Innovative contracting for BwN

Overview

Realisation within project boundaries represents the most concrete perspective on BwN. The definition of the project boundaries is of crucial importance since this defines the domain in which procurement and contracts have to be organized. So (1) grip is needed on how project boundaries are changed by BwN and (2) procurement and contract need to be organised accordingly.’

  1. Application of Building with Nature BwN principles throughout the project phases requires new relations between governments and private parties. It thus implies other responsibilities and roles for knowledge workers, decision makers, stakeholders, consultants and contractors. In decision making on developments the public actors will stay responsible for ulimately answering the ‘what’ question. However knowledge workers, consultants and contractors might play substantial roles in the learning process on clearifying what is feasible in an eco-system, applying an integral approach on the eco-system, making use of natural forces, and harvesting valuable eco-services.These efforts on optimising seemingly the ‘how’ question will envision and influence the ‘what’ question. At least if the participatory horizontal relationships between governments, stakeholders, knowledge workers, consultants, and contractors are established as BwN principles suggest.
  2. Governments and other project developers have to follow a tender process in case of outsourcing works and contracts. The rules, procedures and requirements for this are easily traced in national legislation. Typically the bid process includes a prequalification step or integral qualification criteria; usually criteria include financial qualification for similar work, technical qualification and the financial eligibility of te contractor, expressed in terms of total turnover. Such rules, that frame competition and determine who is eligible, influence the line up of private parties such as consultants and constructors. The described developments call for redesign of the setting or frame in which realization takes place. A realisation frame has to de developed that secures that the seedbed of BwN is harvested in realisation. Dealing with contractors (used to design + construct jobs) that play a substantial role during the initiation and planning phases takes rethinking procurement and accompanying contract types.

Inevitable the issue has to be faced how to deal with procurement and contracts in the case realization takes place within enlarged and reshuffled project boundaries.

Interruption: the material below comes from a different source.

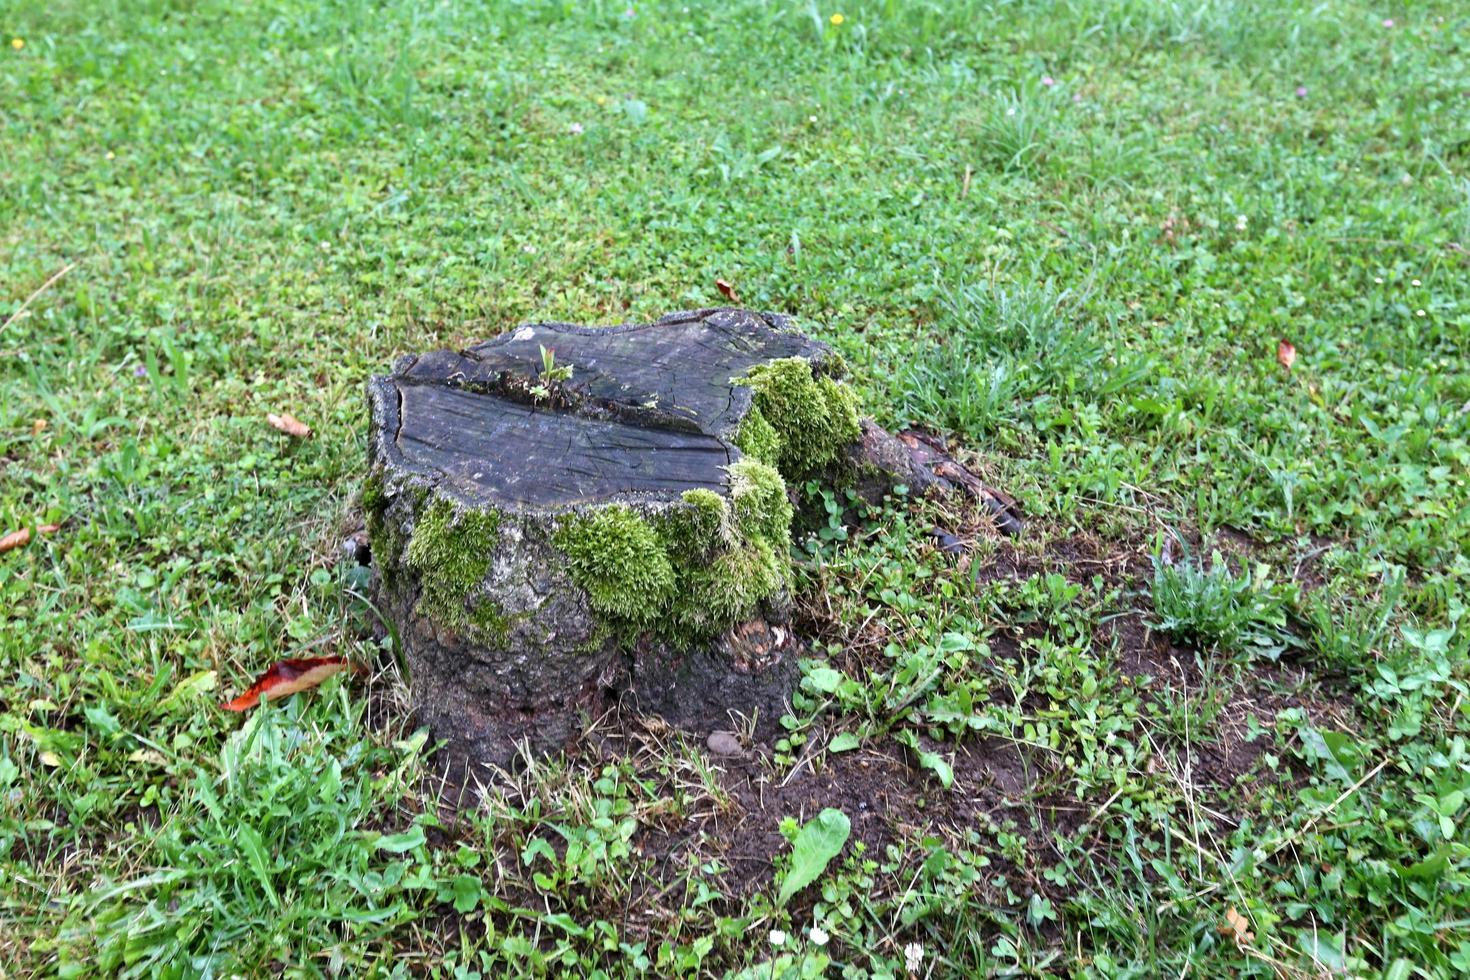 Old and rotten stump in the city park photo

This building solution outlines cooperation and procurement strategies and elaborates contracts and suitable organisational structures.

The key questions are:

  • How can organisational structures, procurement and contracts facilitate BwN within project boundaries?
  • Which specific arrangements with regard to organisation, procurement and contracts are conditional for realisation of BwN within project boundaries?

Advantages

  • Successful integration of BwN concepts in a development benefits from early involvement of all relevant players in the field, especially from the knowledge of constructing parties. This requires a sound package of agreements with commercial parties, that allows these to bring in their expertise, under a mechanism to reward them for their creativity, but without ‘open ends’.

Disadvantages

  • Innovative contracting requires a large input, qualitatively and quantitatively, from developers in early stages of the project, often dealing within knowledge fields they are less familiar with.
  • Innovative contracting inevitably includes a certain level of uncertainty in early stages of decision making. Mechanisms to handle such uncertainties through ‘adaptive management’ are becoming general practice.